#### WHAT NEEDS TO BE DONE:
Your task is to copy the lines of the data below from the line holding "Playful Cloud Shapes Airplane" through the line holding "Bad Day To Be", inclusive, exactly and with nothing added.
*** STORED DATA ***
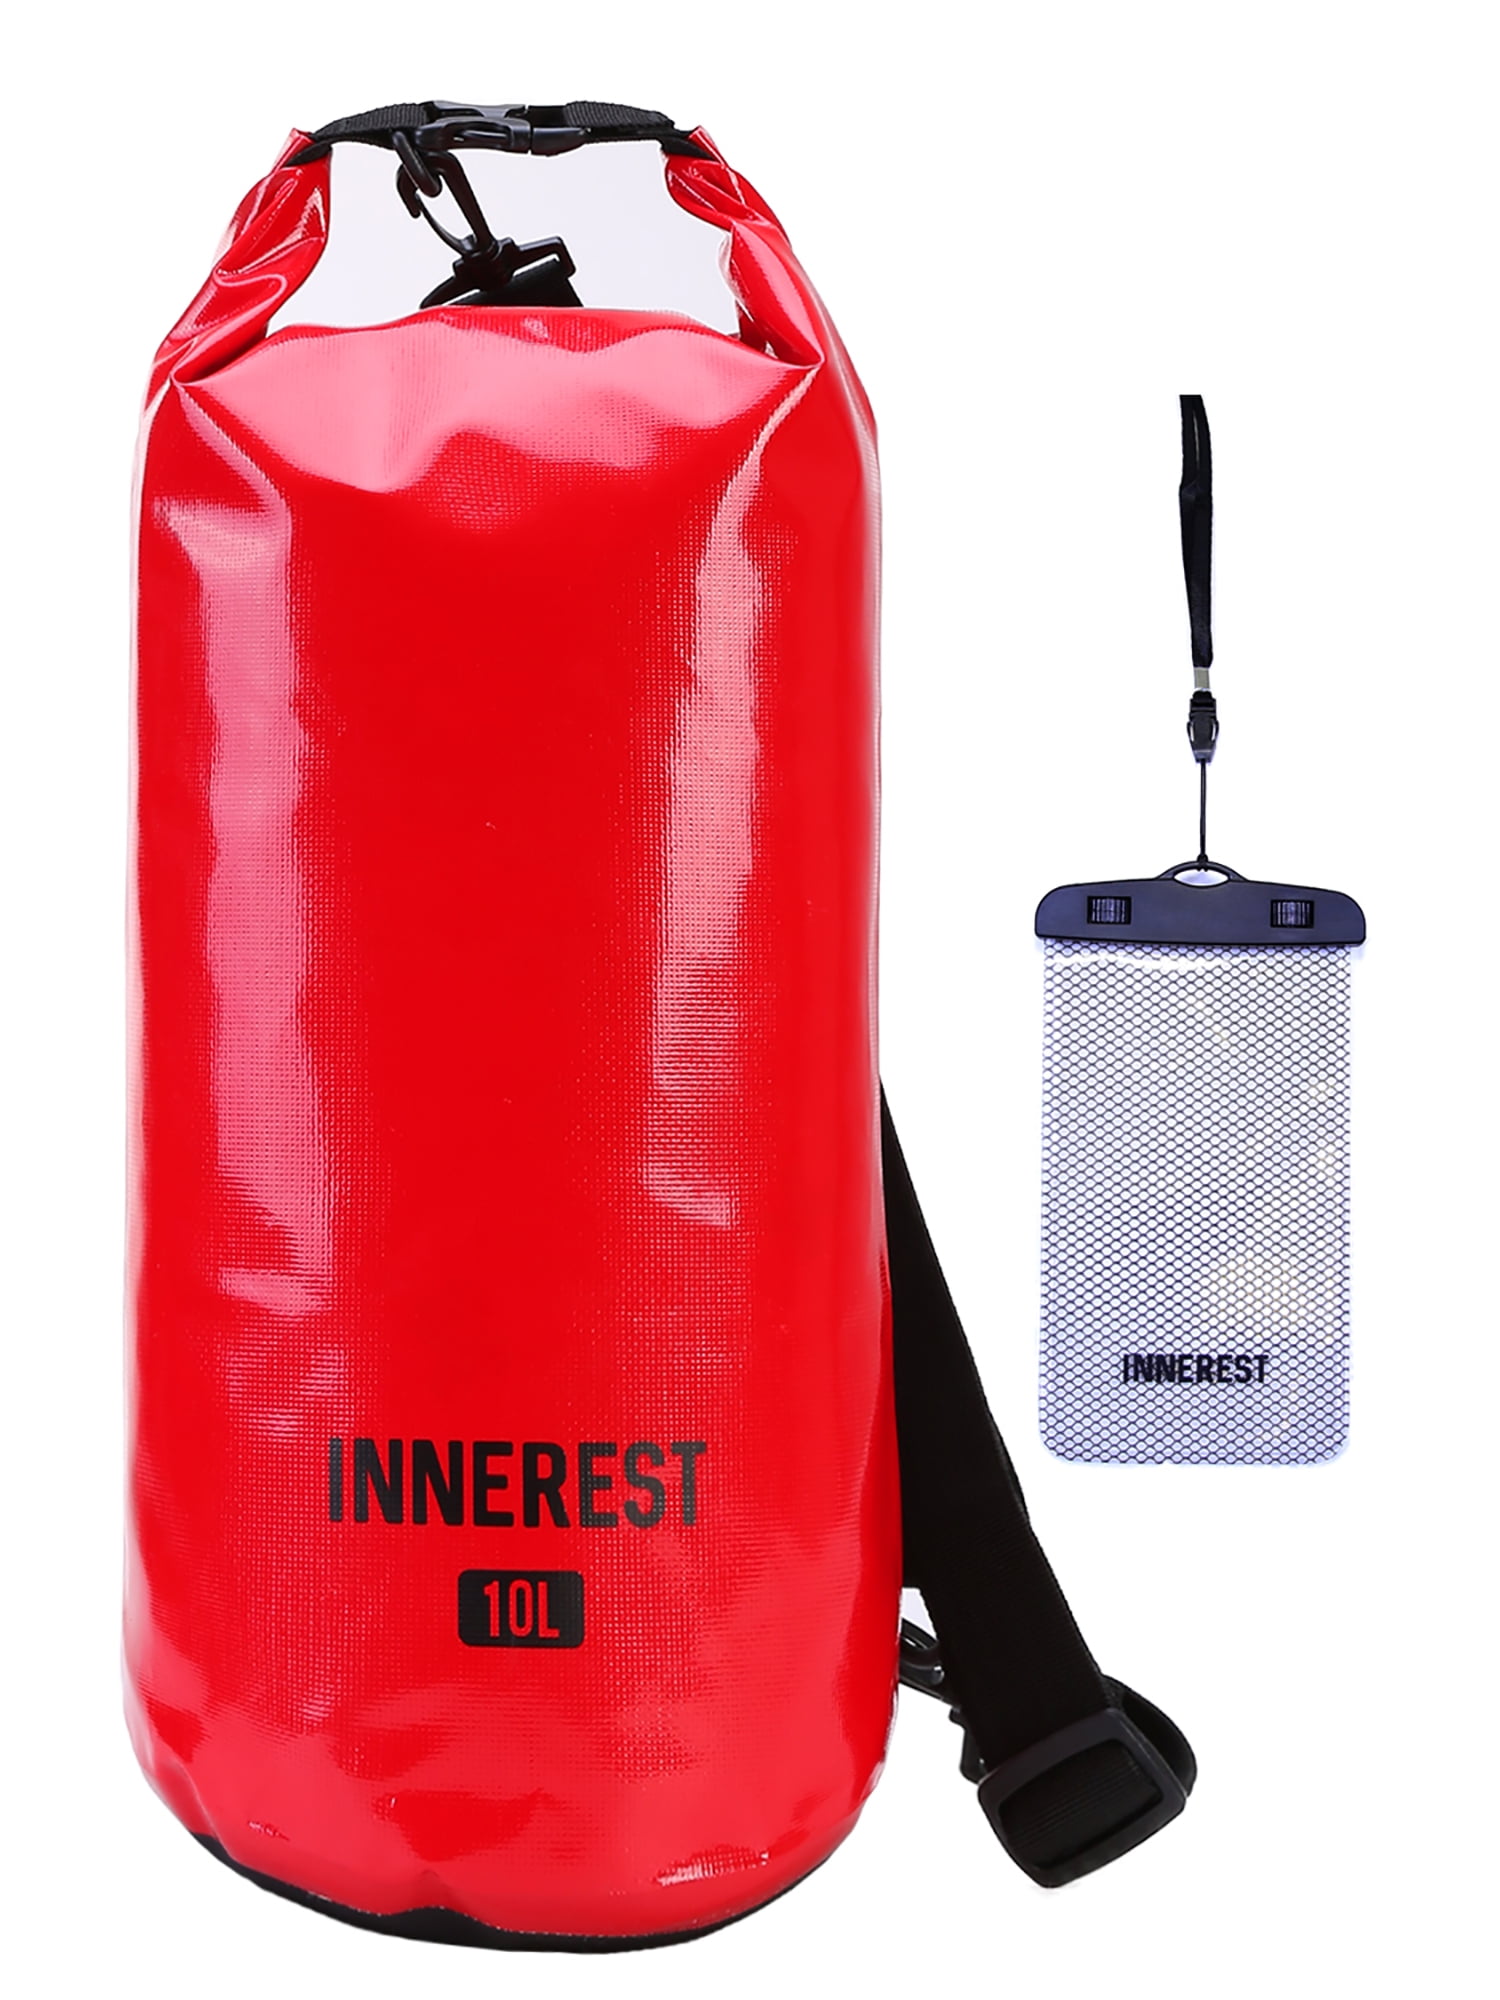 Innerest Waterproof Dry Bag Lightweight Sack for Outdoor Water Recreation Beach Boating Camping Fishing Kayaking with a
*** End of STORED DATA ***
*** STORED DATA ***
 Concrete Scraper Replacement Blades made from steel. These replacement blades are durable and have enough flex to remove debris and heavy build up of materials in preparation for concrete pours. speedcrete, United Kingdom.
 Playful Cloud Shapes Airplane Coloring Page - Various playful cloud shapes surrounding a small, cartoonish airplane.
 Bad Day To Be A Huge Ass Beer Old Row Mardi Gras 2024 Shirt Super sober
*** End of STORED DATA ***
#### EXERCISE SOLUTION:
 Playful Cloud Shapes Airplane Coloring Page - Various playful cloud shapes surrounding a small, cartoonish airplane.
 Bad Day To Be A Huge Ass Beer Old Row Mardi Gras 2024 Shirt Super sober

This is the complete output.